EXERCISE DIRECTIONS: Write out the following listing's lines from the one with "プレゼント 辛口 750ml" to the one with "Azimut 80 Carat Yacht Charter", exactly, with both included and no others.

BEGIN EXTRACTED MATERIAL

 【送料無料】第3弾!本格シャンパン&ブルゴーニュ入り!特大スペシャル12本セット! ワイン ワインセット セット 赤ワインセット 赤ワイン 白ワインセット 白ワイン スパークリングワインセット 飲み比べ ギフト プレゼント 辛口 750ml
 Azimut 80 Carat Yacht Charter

END EXTRACTED MATERIAL
BEGIN EXTRACTED MATERIAL

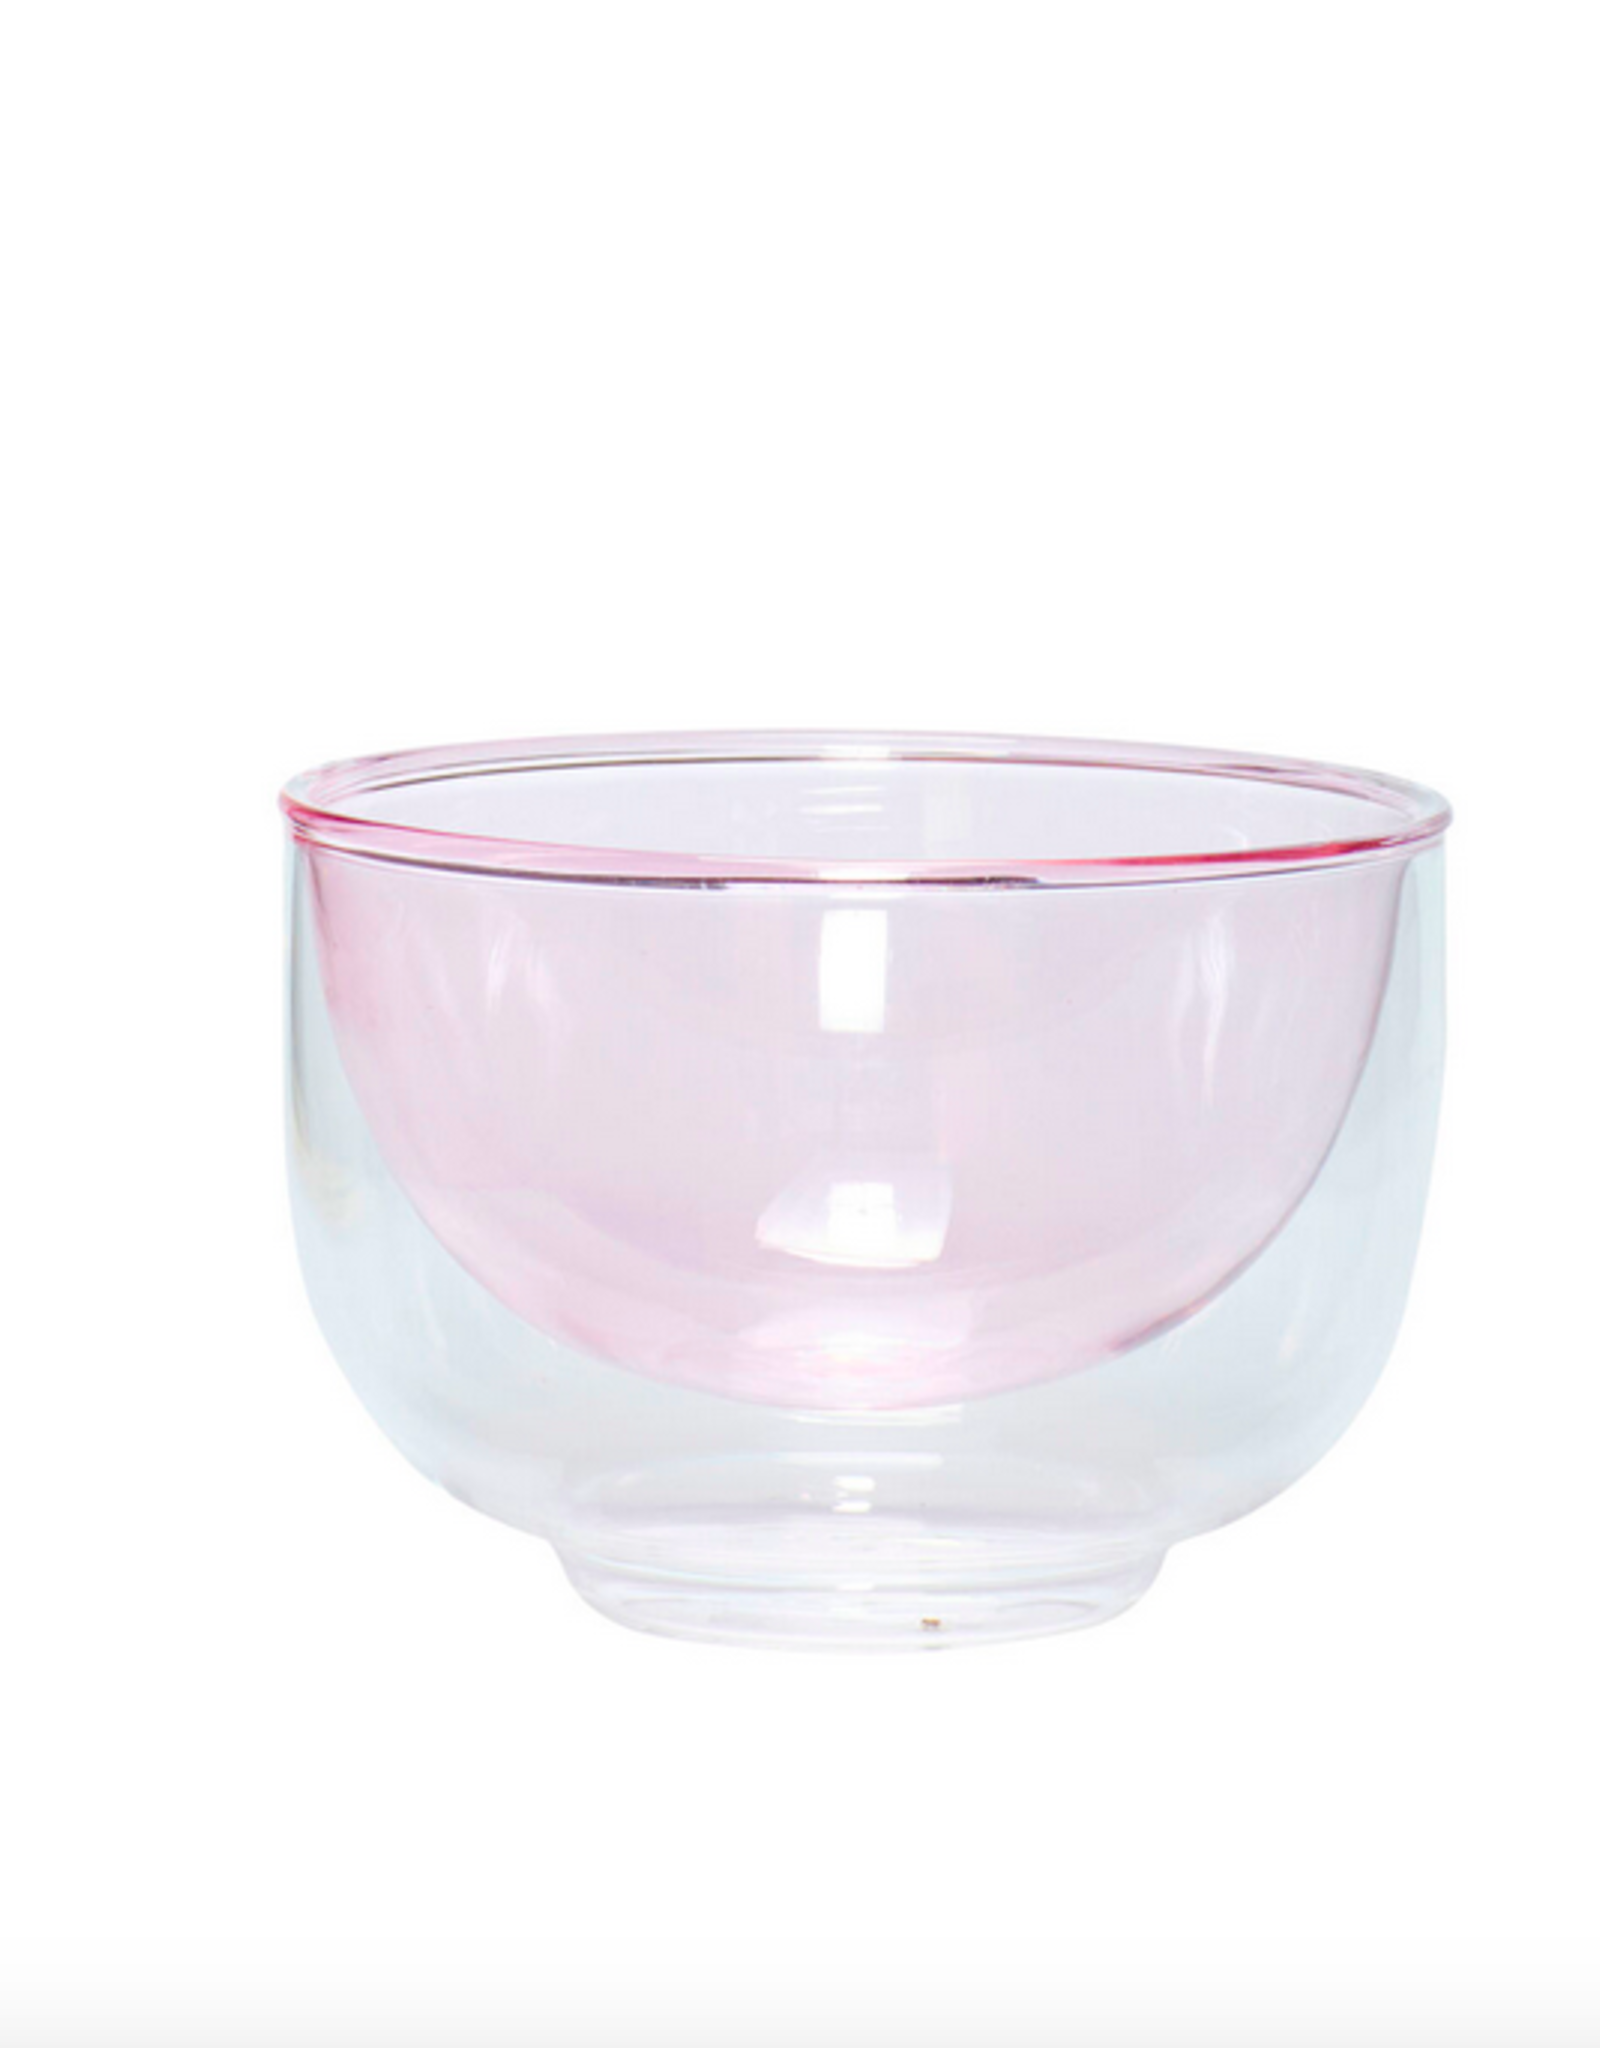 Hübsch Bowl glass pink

END EXTRACTED MATERIAL

SOLUTION FOR THIS TASK:
 【送料無料】第3弾!本格シャンパン&ブルゴーニュ入り!特大スペシャル12本セット! ワイン ワインセット セット 赤ワインセット 赤ワイン 白ワインセット 白ワイン スパークリングワインセット 飲み比べ ギフト プレゼント 辛口 750ml
 Azimut 80 Carat Yacht Charter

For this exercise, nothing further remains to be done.